# .nef Raw and lightroom 3



## knightracersi

I looked under adobes website for help and if I go with them I have to pay. I am using a trial of Lightroom 3 and i can not open my raw files .NEF. I am using a Nikon D7000 and I tried to use the plugin for raw files but I don't think it is installing properly, it still gives me an error. I have a copy of PS5 and it also gave me a hard time till the plugin was installed. Now that works but the Photoshop elements and lightroom 3 are not letting me edit my raw files...:x:x:x:x HELP PLEASE  I also tried to uninstall the LR3 and Re install it no luck


----------



## Light Artisan

You need Lightroom 3.3 release candidate.

Not sure if you can use it in demo mode or not... Why not use the software it came with (Nikon Capture NX), then convert it from there? The software is actually pretty good.


----------



## ann

They just haven't caught up with the newest cameras. When they do, you will need to upgrade the convertor section for that camera body, however, i would second the recommendation for using what came with the camera.


----------



## knightracersi

Thank you both for your help I thought I was going to go nuts over the answer. I have never used any cameras software since it never seemed useful but I will try this for now. I just like things that are universal for other people to use instead of specific.


----------



## Seekwence

I am also new to Lightroom, but can't you select the option "Copy as DNG" if you are importing from a card to your computer...this should copy them as .dng to the folder of your choosing as well as import into Lightroom.

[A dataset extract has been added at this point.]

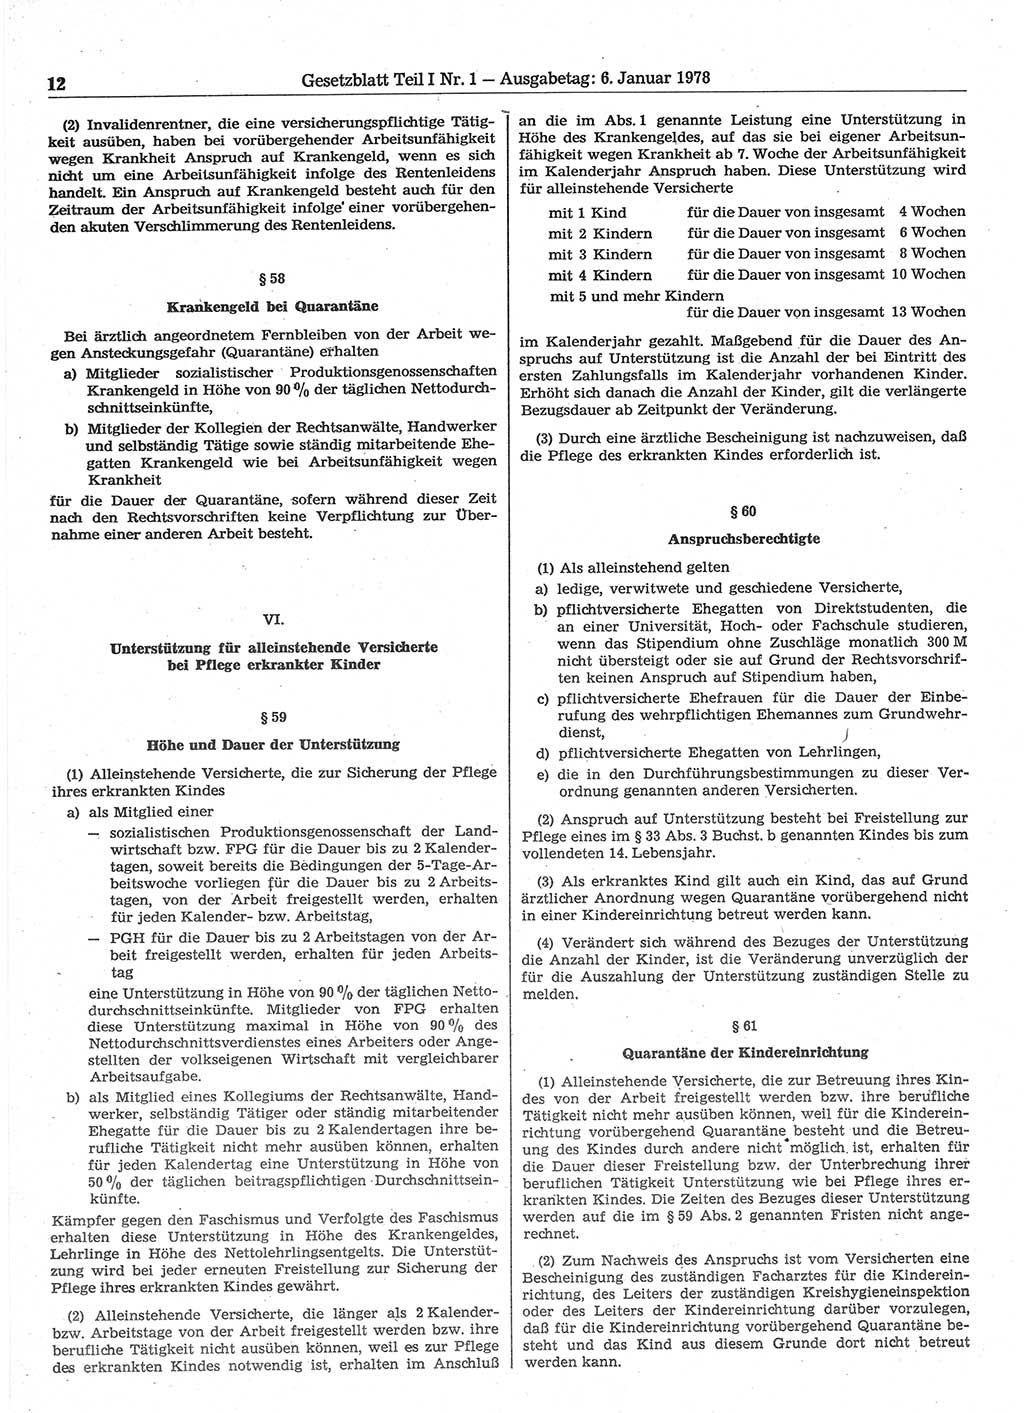 Gesetzblatt (GBl.) der Deutschen Demokratischen Republik (DDR) Teil Ⅰ 1978, Seite 12 (GBl. DDR Ⅰ 1978, S. 12)

More info: "Should I convert to DNG?"


----------



## knightracersi

Seek it wasn't giving me an option to do anything with them on LR or the computer. Iphoto could read them but it was reading it as a file error and could not preview or open them. I have the RC on it now and it works! :thumbup:


----------



## rainking

Here you go. This will work with the D7000 RAW files. I use it. 

Adobe Labs - Downloads: Adobe Photoshop Lightroom 3.3 Release Candidate


----------